The agreement aims to boost the volume of trade between the three countries. However, there is some scepticism over whether it would benefit Afghanistan as much as Pakistan. Afghan traders have repeatedly complained about problems in using the trade agreement with Pakistan to access India.
“Pakistan is trying to open the corridors of central Asia, and in different ways it has closed its dry ports to Afghan trucks. Now Afghanistan can assert similar pressure on Pakistan by blocking ports of Torkham, Sherkhan and Spin Boldak port,” says Sayed Masoud of Kabul University.
Meanwhile, Musafer Quqandi, the spokesperson of Ministry of Commerce and Industries, says the proposed trilateral agreement gives Afghanistan a chance to connect with central Asia. “Trucks from Pakistan would cross into Tajikistan and re-enter through Afghanistan. So would trucks from Afghanistan be able to travel all over Tajikistan and Pakistan,” he says.
TAPI
Hopes are pinned on TAPI, the ambitious multi-partner pipeline project, as the economic link to the region, according to Mines and Minerals Minister Daud Shah Saba.

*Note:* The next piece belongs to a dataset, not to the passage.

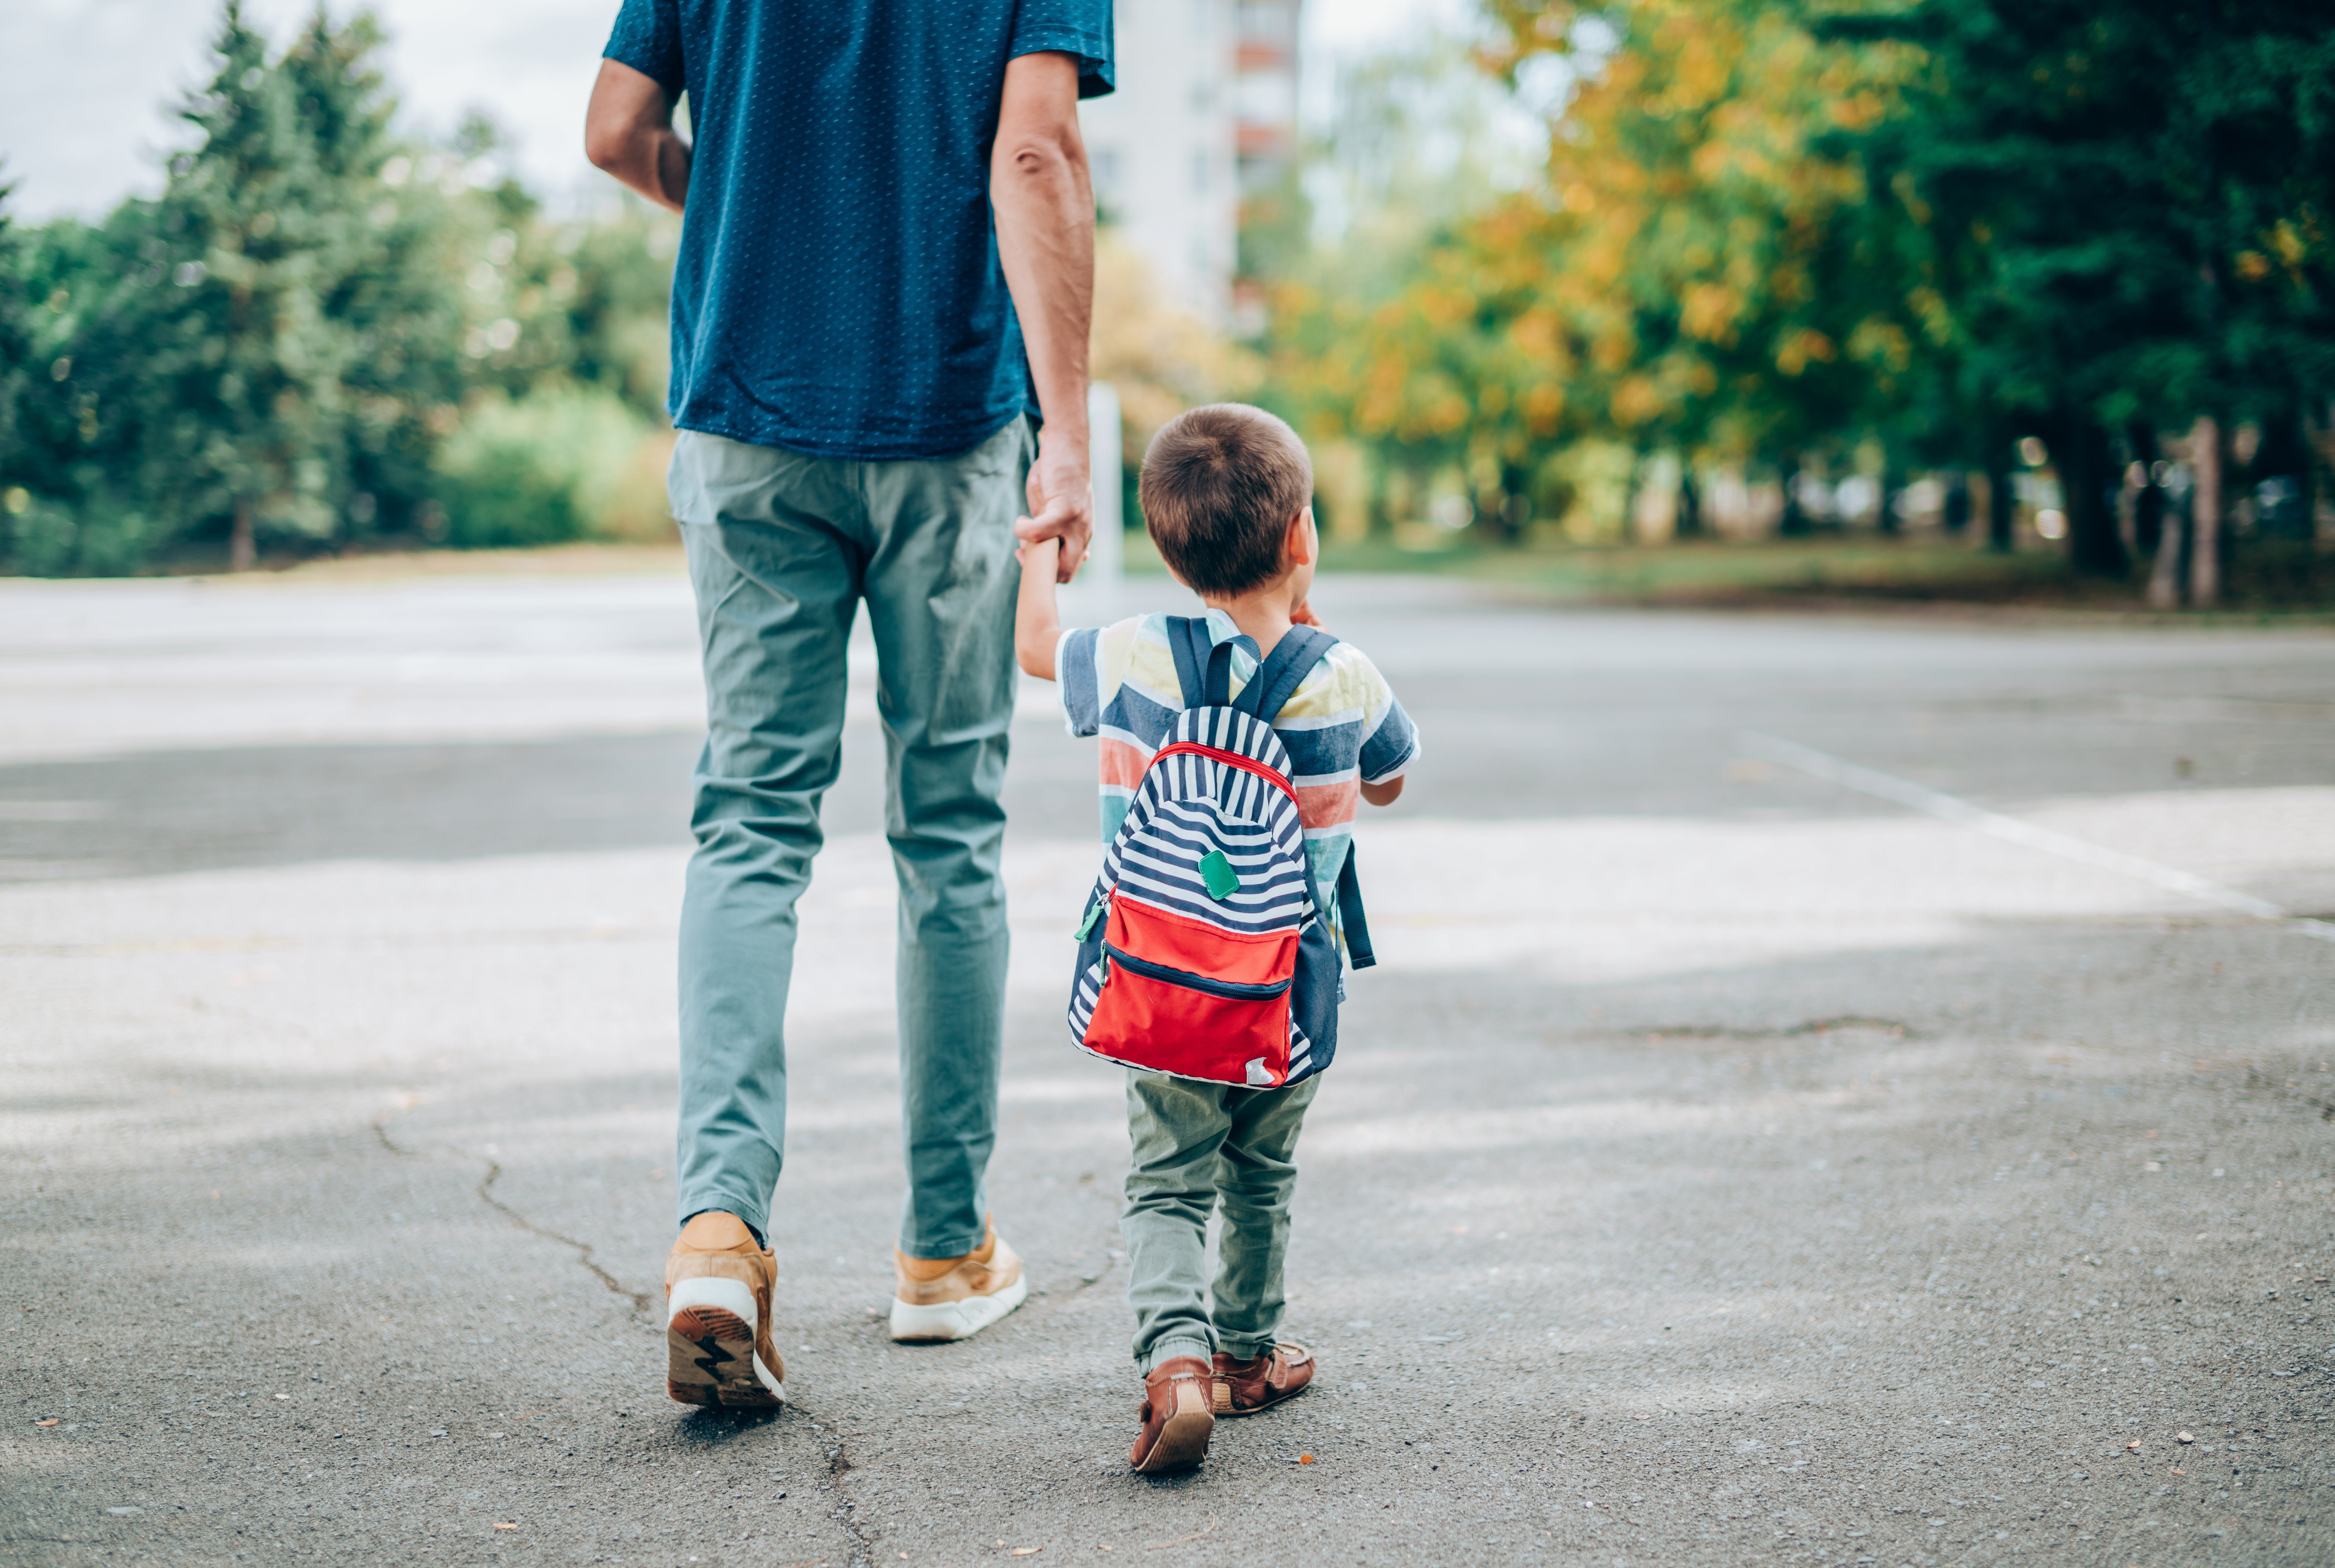 This Father’s Day, we’d like to call on your readers to celebrate and thank those who take on non-traditional parenting roles

Three countries have bid to become the commercial consortium leader for financing the project – one each from France, Russia and China. The bids will be discussed at the upcoming Kabul meeting of the consortium of four state-owned companies: Turkmengas, Afghan Gas Enterprise, Inter State Gas Systems (Pakistan), and GAIL (India) Ltd. They are equal partners in TAPI that will build, own and operate the planned 1,800-km pipeline.
“The French-company Total, ARTI Global of Russia, and China National Petroleum Corporation are participating in the bid in two months in Kabul,” the minister said. “I hope the decision would be positive.”